(Québec) Le gouvernement a décidé de modifier une fois de plus son projet de tunnel entre Québec et Lévis, annonçant mardi que les voitures ne pourront finalement pas sortir au centre-ville de la capitale.

C’est même toute la sortie Charest qui pourrait disparaître à l’issue d’une analyse, a indiqué le ministre des Transports. François Bonnardel dit avoir été sensible aux arguments des nombreux opposants qui ont dénoncé l’intention d’implanter une sortie autoroutière en plein centre-ville.

« J’ai bien mesuré l’inquiétude des gens de Saint-Roch dans les dernières semaines, les derniers mois, qui s’inquiétaient de voir un flux de véhicules supplémentaires. Il est important de répondre à ces inquiétudes », a expliqué mardi M. Bonnardel.

Le gouvernement a donc décidé d’empêcher les automobilistes en provenance de Lévis de sortir du futur tunnel sur le boulevard Charest. La sortie devait déboucher en face d’une épicerie Metro, sous les bretelles de l’autoroute Dufferin-Montmorency, dans un secteur déjà très congestionné.
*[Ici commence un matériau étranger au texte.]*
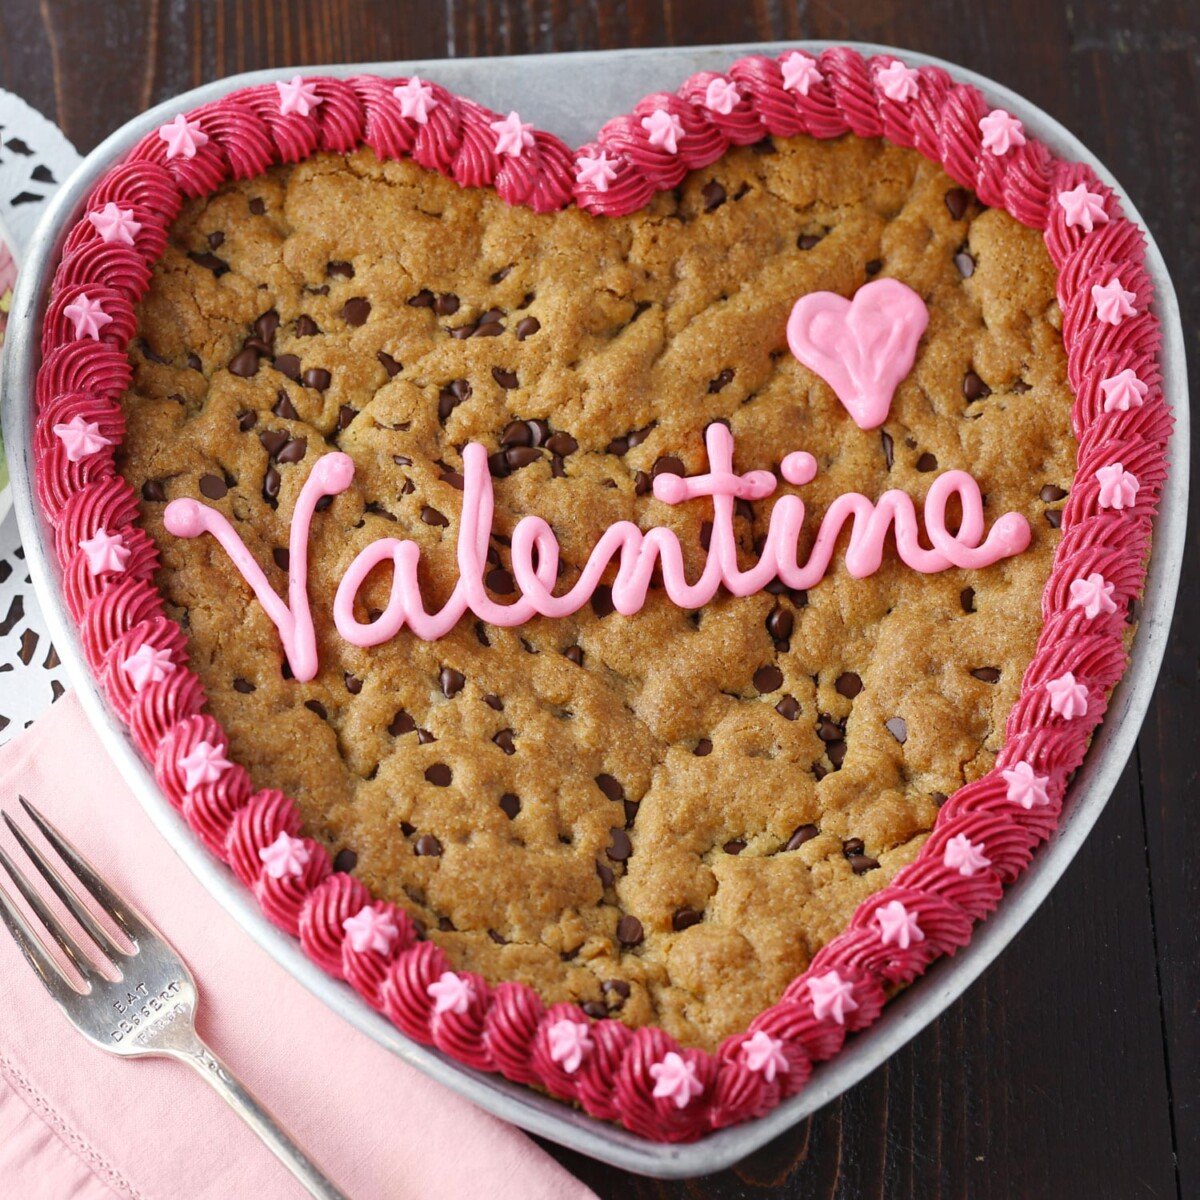 https://www.momlovesbaking.com/wp-content/uploads/2019/02/Giant-Free-Chocolate-Chip-Cookie-Heart-SQ-e1674341530801.jpg

Pour l’instant, Québec envisage de conserver cette sortie, mais uniquement pour les autobus.

Les voitures, elles, devront choisir de sortir sur Dufferin-Montmorency, vers l’est, sans pouvoir monter vers la colline Parlementaire, ou de continuer leur chemin jusqu’à l’autoroute Laurentienne, près d’ExpoCité.

Cela représente donc une perte importante pour un automobiliste lévisien qui se rend en Haute-Ville, par exemple. « On veut augmenter l’attractivité du transport collectif », a dit le ministre.

« C’est une approche pleine de bon sens pour sensibiliser les gens encore plus [au fait] que les transports collectifs, c’est l’avenir. Ce n’est pas une guerre aux automobilistes. C’est une approche équilibrée. »

Québec procédera dans les prochains mois à des analyses supplémentaires. Deux scénarios seront étudiés : celui où la sortie Charest est conservée pour les autobus uniquement, et celui où la sortie Charest est tout simplement abandonnée.

Projet « à retirer au complet »

La nouvelle a réjoui en partie le Conseil de quartier de Saint-Roch, qui dénonçait depuis des mois l’ajout de milliers de voitures dans ce secteur densément peuplé.

Mais l’opposition au troisième lien reste forte dans les quartiers centraux.

« J’ai l’impression que le gouvernement du Québec a décidé de s’attaquer à l’un des éléphants dans la pièce. Mais il reste l’autre éléphant dans la pièce », explique Raymond Poirier, président du Conseil de quartier du Vieux-Limoilou.

Cet autre éléphant, c’est la sortie près d’ExpoCité. « On nous dit : “On va ajouter des dizaines de milliers de véhicules dans un secteur où la qualité de l’air est déjà très mauvaise”, note M. Poirier. Ça fait 15 ans que les citoyens de Limoilou demandent des solutions au gouvernement du Québec. Mais au lieu de régler le problème de la qualité de l’air, le gouvernement l’aggrave. »

D’autant que les véhicules qui ne pourront plus sortir à Charest sortiront très probablement près de Limoilou, prévient la députée solidaire de Taschereau.

Selon Catherine Dorion, les Lévisiens qui prendront le tunnel ne le prendront pas « pour aller à Saint-Félicien », mais plutôt pour aller au centre-ville.

« Ils vont sortir par le tunnel, revenir dans chacun des quartiers centraux de Québec, dans les banlieues proches, finalement rajouter de 50 000 à 55 000 voitures sur le réseau municipal de Québec, qui est déjà saturé à l’heure de pointe », déplore Mme Dorion.

Les autres partis de l’opposition à Québec n’ont pas manqué d’attaquer le gouvernement sur sa plus récente volte-face dans ce dossier délicat. Rappelons que le tunnel Québec-Lévis doit coûter de 6 à 10 milliards, selon les prévisions du gouvernement.

« François Bonnardel dit qu’il a écouté la population. Bien, s’il a écouté la population, il devrait retirer son tunnel au complet », a lancé la porte-parole libérale pour la Capitale-Nationale, Marwah Rizqy.

Le chef du Parti québécois a quant à lui accusé le gouvernement de « dessiner à la main » son projet de tunnel. « Il y a un déficit de crédibilité grandissant par rapport à ce projet », estime Paul St-Pierre Plamondon.